Spring 2022

Overview

This class will survey techniques and systems for ingesting, efficiently processing, analyzing, and visualizing large data sets. Topics will include data cleaning, data integration, scalable systems (relational databases, NoSQL, Spark, etc.), analytics (data cubes, scalable statistics and machine learning), fundamental statistics and machine learning and scalable visualization of large data sets. The goal of the class is to gain working experience along with in-depth discussions of the topics covered. Students should have a background in programming and algorithms. There will be a semester-long project and paper, and hands-on labs designed to give experience with state of the are data processing tools.

There will be a semester long project, 6 labs of varying length, and 2 quizzes.

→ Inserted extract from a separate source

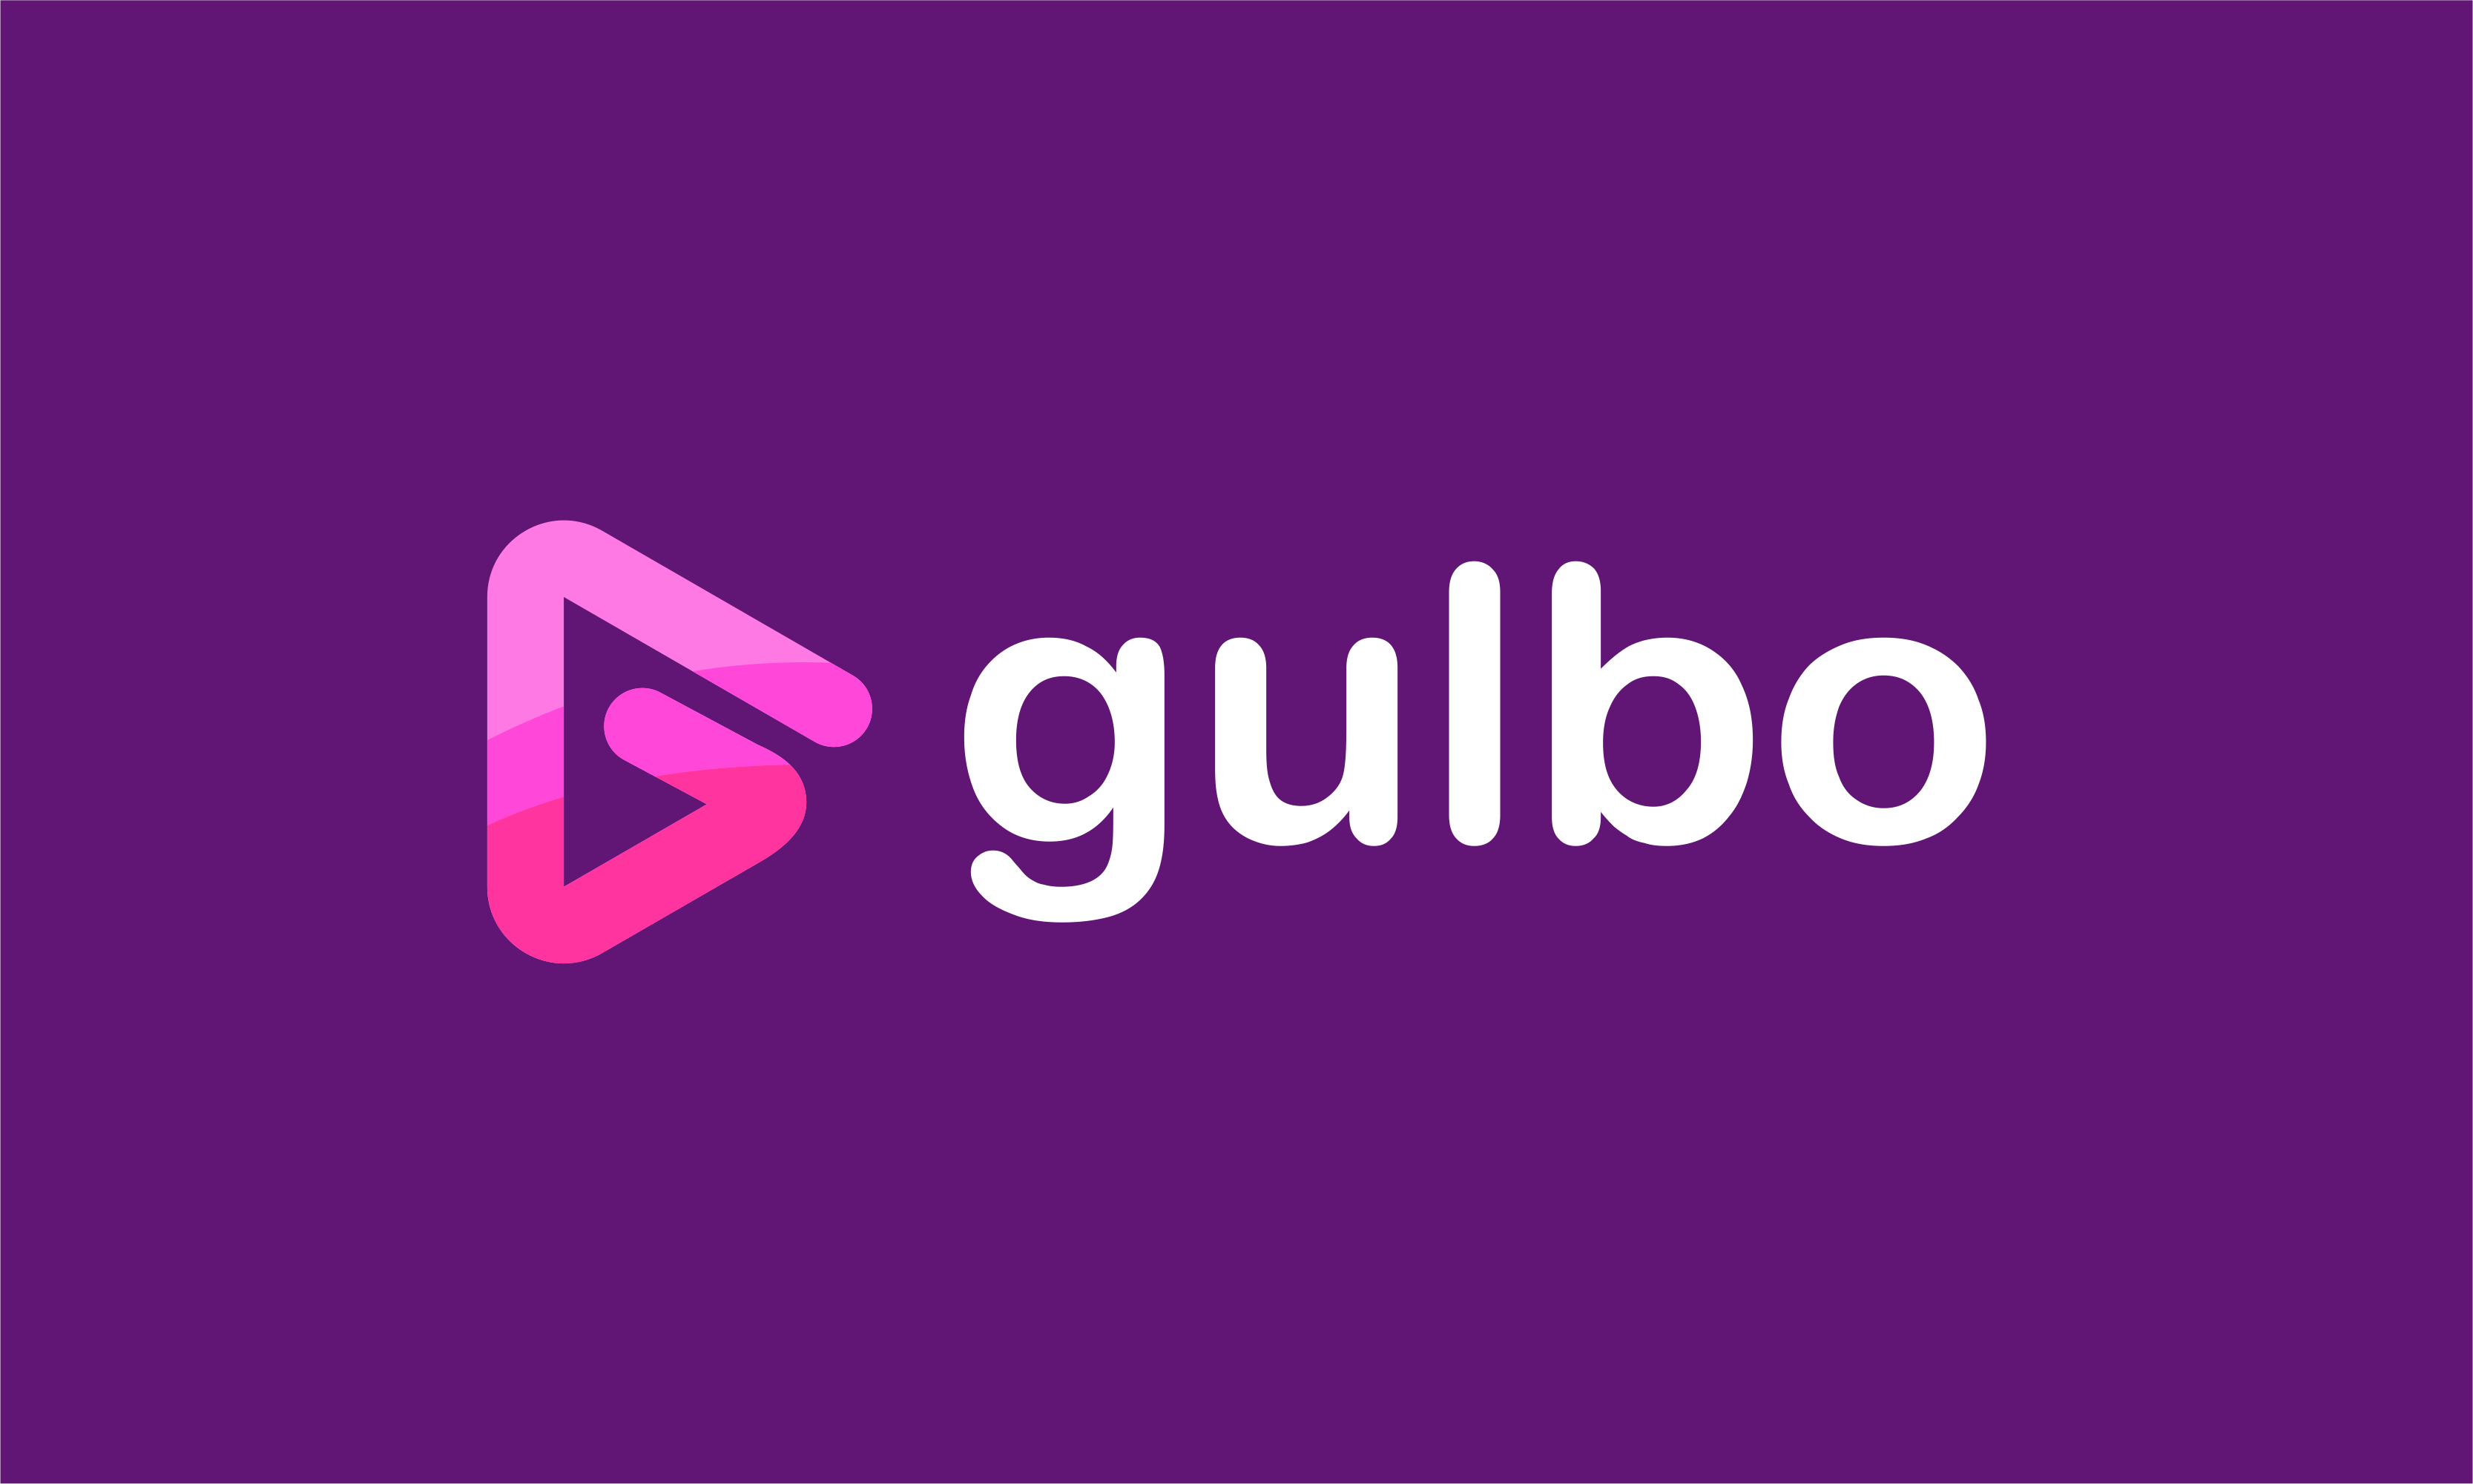 Gulbo

Enrollment may be limited.

The course web site is http://dsg.csail.mit.edu/6.S079/.

Lectures

Lectures are held twice a week, from 2:30-4:00 in 37-212 on Mondays and Wednesdays. Attendance at lectures is mandatory and you are expected to show up prepared to answer questions and participate in discussion.

Topics Covered

What is Data Science?
Data Representation and Basic Operations
Common Tools for Data Science
Data Extraction & Wrangling
Data Cleaning
Entity Resolution
Machine Learning Overview
Embeddings
ML in Python
Visualization
Dashboards / Declarative Visualizations
No-code platforms
Scaling Beyond Python
Database Performance Tuning
Parallelism in Data Processing
Scalable Data Processing (Hadoop, Spark)
Modern Data Warehousing
Cloud Data Tools Ecosystem
Risk Factors

Prerequisites

Students should have taken 6.0001 (Introduction to Computer Science Programming in Python) as well as 6.0002 (Introduction to Computational Thinking and Data Science) or equivalent. If you do not have experience in these subjects and would like to take the course, please email the instructor. Prior database experience is not required. Python programming experience is assumed, familiarity with simple functionality of a linux command line is a benefit.

Units

3-0-9.

Grading

Grades are assigned based on labs, quizzes, and final project, as well as class participation. The grading breakdown is as follows:

Each student is allowed 5 "late days", each of which may be used to turn in a lab one day (24 hour period) later than it is due without penalty. After all five late days are used, assignments will be docked one letter grade for each day they are late.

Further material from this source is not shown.